Acute and chronic forms of CSF can be distinguished based on virulence and host range phenotype. Infection with highly virulent CSFV strains leads to morality rates approaching 100%, whereas isolates of moderate to low virulence induce a prolonged chronic disease. In addition, BVDV and BDV, etiologic agents of disease in bovine and ovine species, respectively, can also infect swine without inducing clinical disease. Despite the availability of various CSFV genomic sequences representing varying virulence phenotypes, the genetic basis of CSFV virulence in the natural host remains poorly understood. However, several viral determinants of virulence have been identified: in Npro.
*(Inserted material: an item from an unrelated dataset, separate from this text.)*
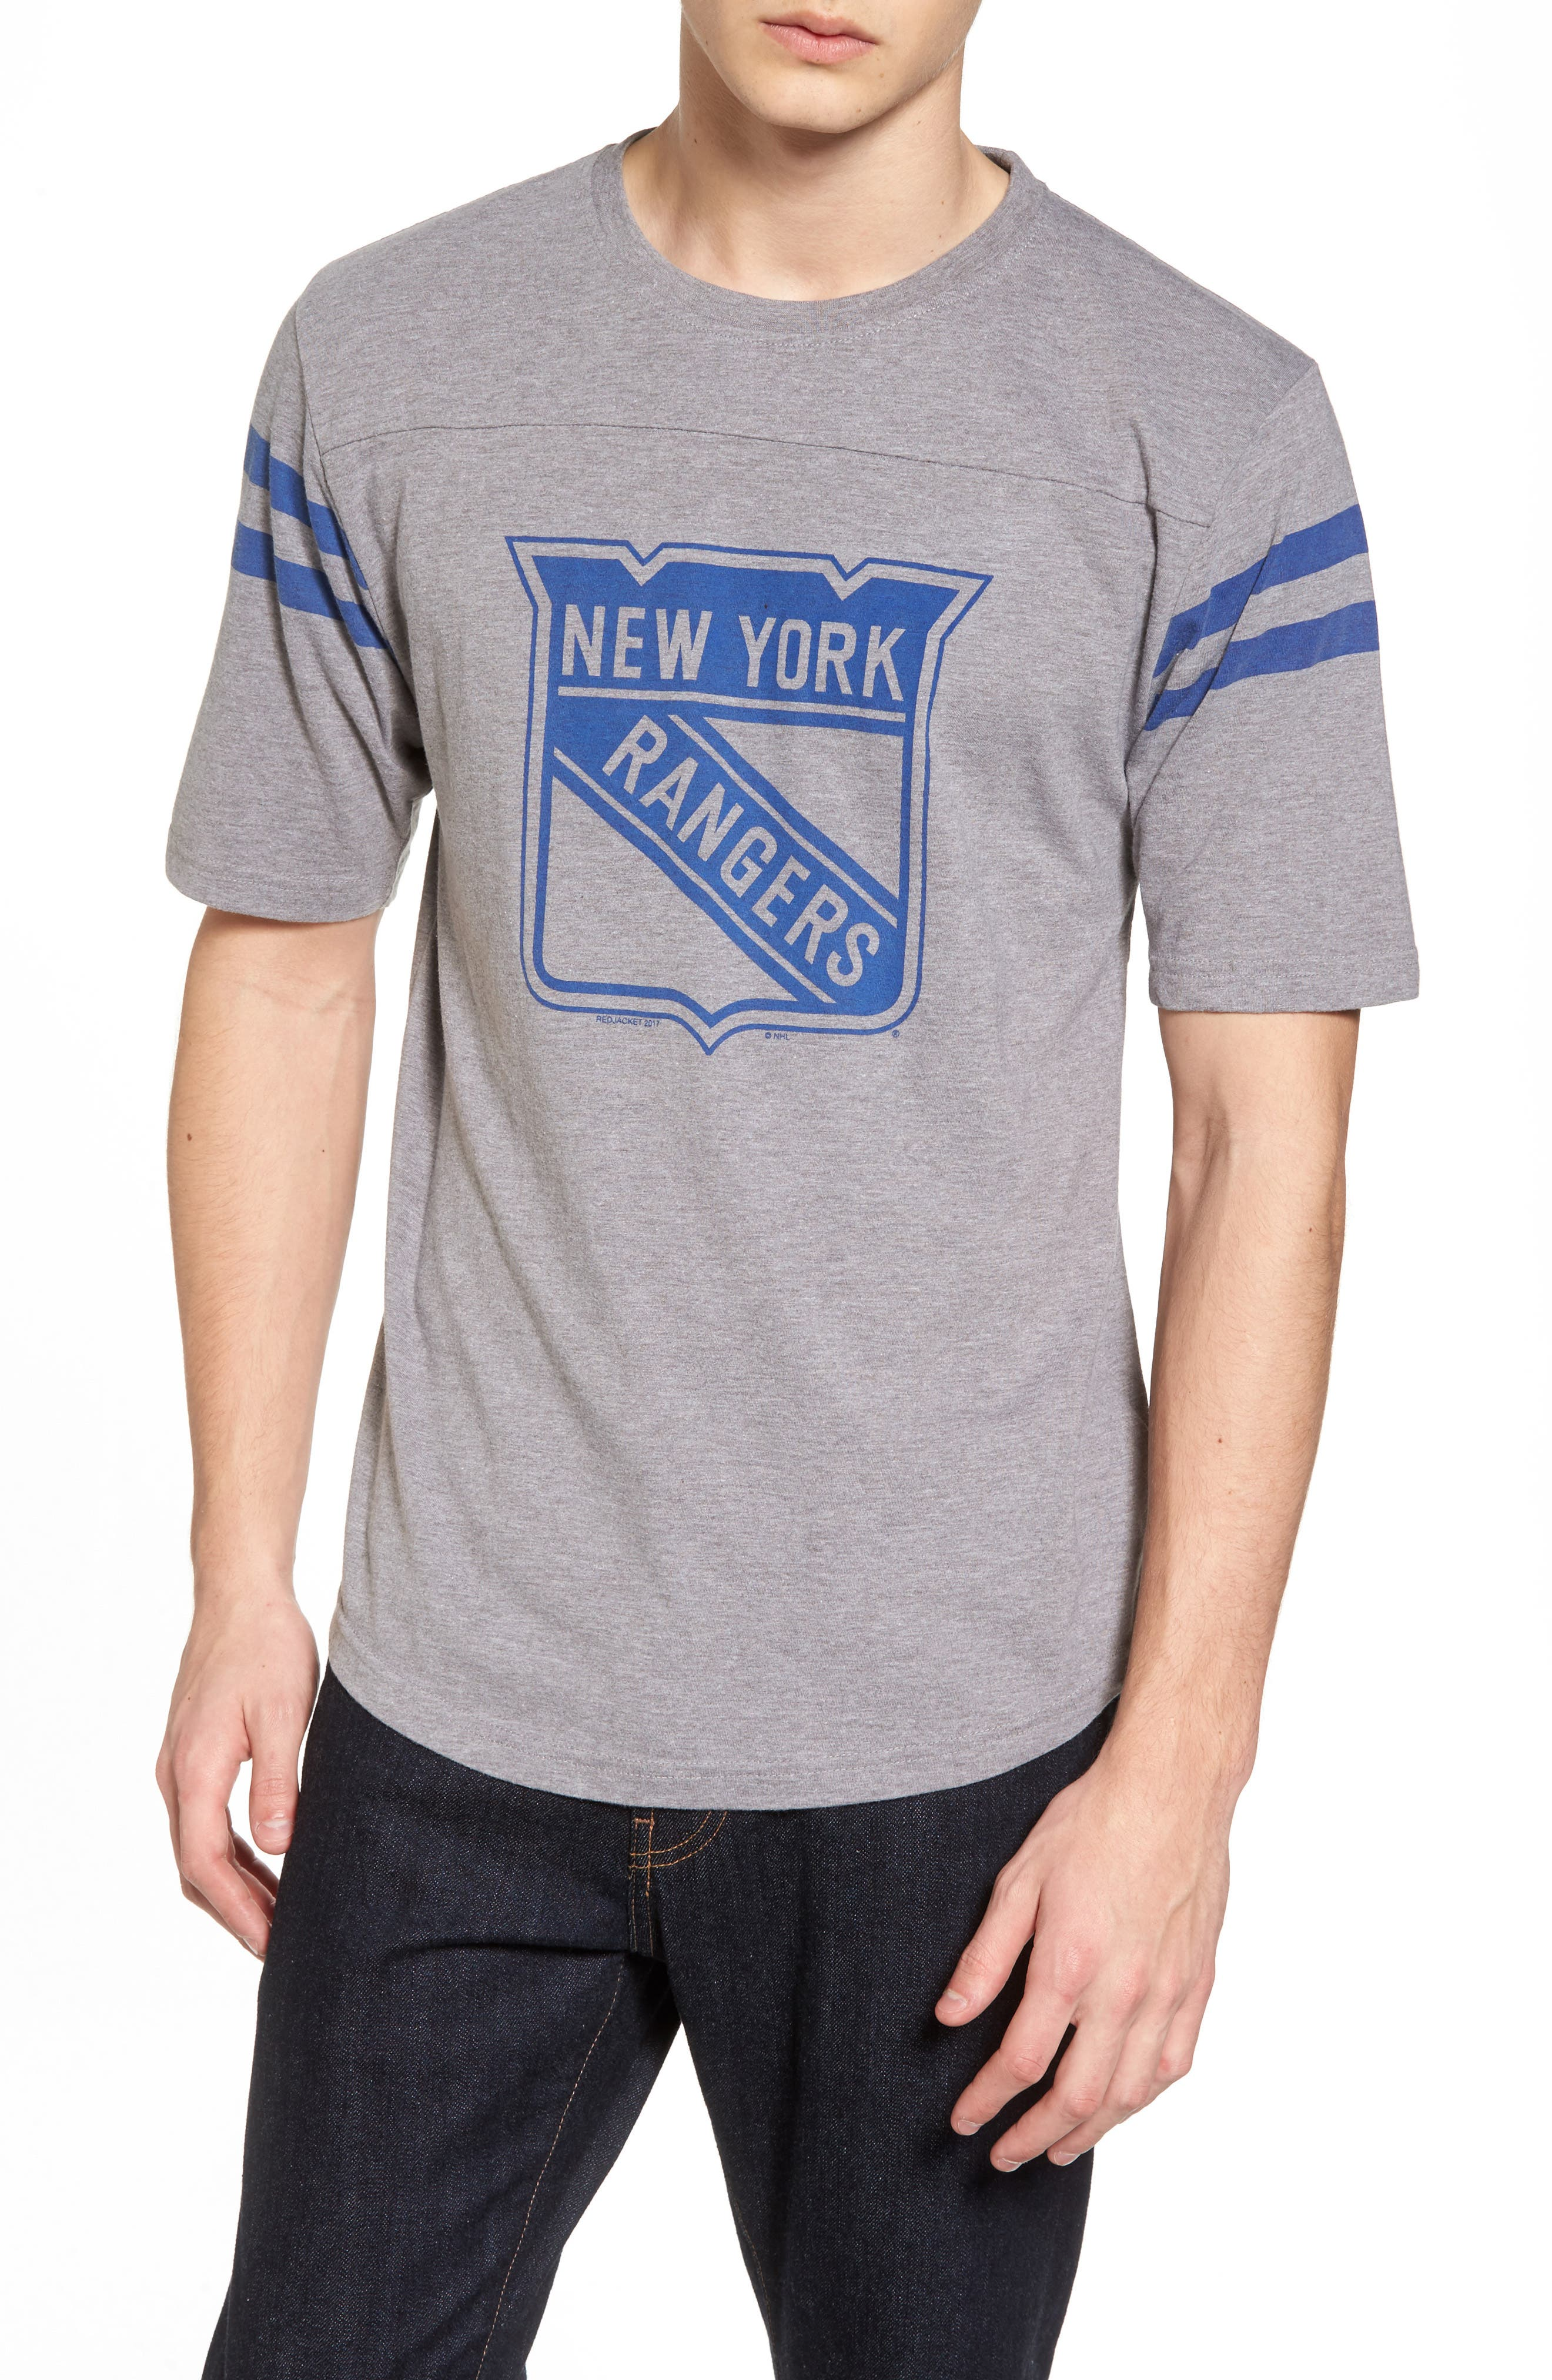 Crosby New York Rangers T-Shirt,                         Main,                         color, 073

The Brescia strain of CSFV has a highly virulent pathotype; infected animals die within 8 to 14 days after exposure. Brescia represents the genotype 1 group of CSFV isolates that consists of virulent strains isolated before 1964 that presumably no longer are in global circulation among swine populations. Highly virulent CSFV strains, like Brescia, produce a consistent clinical outcome in swine, providing a reliable method for studying viral mechanisms underlying virulence, pathogenesis, and virus-host interactions. Here we have used the Brescia strain to study the response of swine macrophages, a CSFV primary target cell in vivo, upon infection. Cultured primary swine macrophages were infected with CSFV Brescia derived from an infectious cDNA clone, pBIC. Microarray analysis was implemented in order to characterize the in vitro macrophage response to infection by virulent CSFV Brescia by assessing changes in patterns of gene expression in peripheral blood-derived swine macrophages. Our results describe changes in levels of expression of 148 genes during the first 48 hours following the infection. The observed gene expression profile might explain the immunological and pathological changes characteristically associated with infection of pigs with CSFV Brescia.